- What the task requires -
Copy out each record below, exactly as given.

- Input records -
━━━

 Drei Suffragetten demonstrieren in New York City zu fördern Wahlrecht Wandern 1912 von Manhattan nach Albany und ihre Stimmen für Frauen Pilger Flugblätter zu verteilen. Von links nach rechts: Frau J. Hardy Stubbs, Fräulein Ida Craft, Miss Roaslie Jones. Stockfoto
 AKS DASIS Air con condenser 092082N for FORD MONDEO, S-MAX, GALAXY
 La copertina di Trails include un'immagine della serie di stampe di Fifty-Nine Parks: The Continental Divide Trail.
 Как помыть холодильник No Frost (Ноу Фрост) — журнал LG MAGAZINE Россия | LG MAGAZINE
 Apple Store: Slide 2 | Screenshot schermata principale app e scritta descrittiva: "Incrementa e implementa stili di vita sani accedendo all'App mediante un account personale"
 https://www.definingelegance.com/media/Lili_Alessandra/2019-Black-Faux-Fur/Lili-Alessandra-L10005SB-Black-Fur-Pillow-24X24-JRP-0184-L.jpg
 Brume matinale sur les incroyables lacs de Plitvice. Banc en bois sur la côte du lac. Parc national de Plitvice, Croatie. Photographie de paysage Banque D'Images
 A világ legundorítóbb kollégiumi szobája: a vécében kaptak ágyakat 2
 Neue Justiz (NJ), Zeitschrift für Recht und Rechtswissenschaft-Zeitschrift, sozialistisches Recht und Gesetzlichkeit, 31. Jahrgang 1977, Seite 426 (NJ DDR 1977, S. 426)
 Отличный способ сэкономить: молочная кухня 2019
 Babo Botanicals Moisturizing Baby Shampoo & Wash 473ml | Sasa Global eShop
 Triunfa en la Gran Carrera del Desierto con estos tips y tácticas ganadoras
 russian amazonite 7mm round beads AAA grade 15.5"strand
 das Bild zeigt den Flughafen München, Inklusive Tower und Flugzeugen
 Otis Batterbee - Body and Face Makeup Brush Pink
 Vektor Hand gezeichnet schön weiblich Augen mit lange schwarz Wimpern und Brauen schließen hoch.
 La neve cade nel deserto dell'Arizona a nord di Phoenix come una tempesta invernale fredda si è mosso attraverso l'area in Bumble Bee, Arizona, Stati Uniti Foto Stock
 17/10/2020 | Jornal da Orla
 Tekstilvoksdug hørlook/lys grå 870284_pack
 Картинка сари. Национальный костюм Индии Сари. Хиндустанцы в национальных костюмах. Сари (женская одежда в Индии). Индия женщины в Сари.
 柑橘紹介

━━━

- Answer to this task -
 Drei Suffragetten demonstrieren in New York City zu fördern Wahlrecht Wandern 1912 von Manhattan nach Albany und ihre Stimmen für Frauen Pilger Flugblätter zu verteilen. Von links nach rechts: Frau J. Hardy Stubbs, Fräulein Ida Craft, Miss Roaslie Jones. Stockfoto
 AKS DASIS Air con condenser 092082N for FORD MONDEO, S-MAX, GALAXY
 La copertina di Trails include un'immagine della serie di stampe di Fifty-Nine Parks: The Continental Divide Trail.
 Как помыть холодильник No Frost (Ноу Фрост) — журнал LG MAGAZINE Россия | LG MAGAZINE
 Apple Store: Slide 2 | Screenshot schermata principale app e scritta descrittiva: "Incrementa e implementa stili di vita sani accedendo all'App mediante un account personale"
 https://www.definingelegance.com/media/Lili_Alessandra/2019-Black-Faux-Fur/Lili-Alessandra-L10005SB-Black-Fur-Pillow-24X24-JRP-0184-L.jpg
 Brume matinale sur les incroyables lacs de Plitvice. Banc en bois sur la côte du lac. Parc national de Plitvice, Croatie. Photographie de paysage Banque D'Images
 A világ legundorítóbb kollégiumi szobája: a vécében kaptak ágyakat 2
 Neue Justiz (NJ), Zeitschrift für Recht und Rechtswissenschaft-Zeitschrift, sozialistisches Recht und Gesetzlichkeit, 31. Jahrgang 1977, Seite 426 (NJ DDR 1977, S. 426)
 Отличный способ сэкономить: молочная кухня 2019
 Babo Botanicals Moisturizing Baby Shampoo & Wash 473ml | Sasa Global eShop
 Triunfa en la Gran Carrera del Desierto con estos tips y tácticas ganadoras
 russian amazonite 7mm round beads AAA grade 15.5"strand
 das Bild zeigt den Flughafen München, Inklusive Tower und Flugzeugen
 Otis Batterbee - Body and Face Makeup Brush Pink
 Vektor Hand gezeichnet schön weiblich Augen mit lange schwarz Wimpern und Brauen schließen hoch.
 La neve cade nel deserto dell'Arizona a nord di Phoenix come una tempesta invernale fredda si è mosso attraverso l'area in Bumble Bee, Arizona, Stati Uniti Foto Stock
 17/10/2020 | Jornal da Orla
 Tekstilvoksdug hørlook/lys grå 870284_pack
 Картинка сари. Национальный костюм Индии Сари. Хиндустанцы в национальных костюмах. Сари (женская одежда в Индии). Индия женщины в Сари.
 柑橘紹介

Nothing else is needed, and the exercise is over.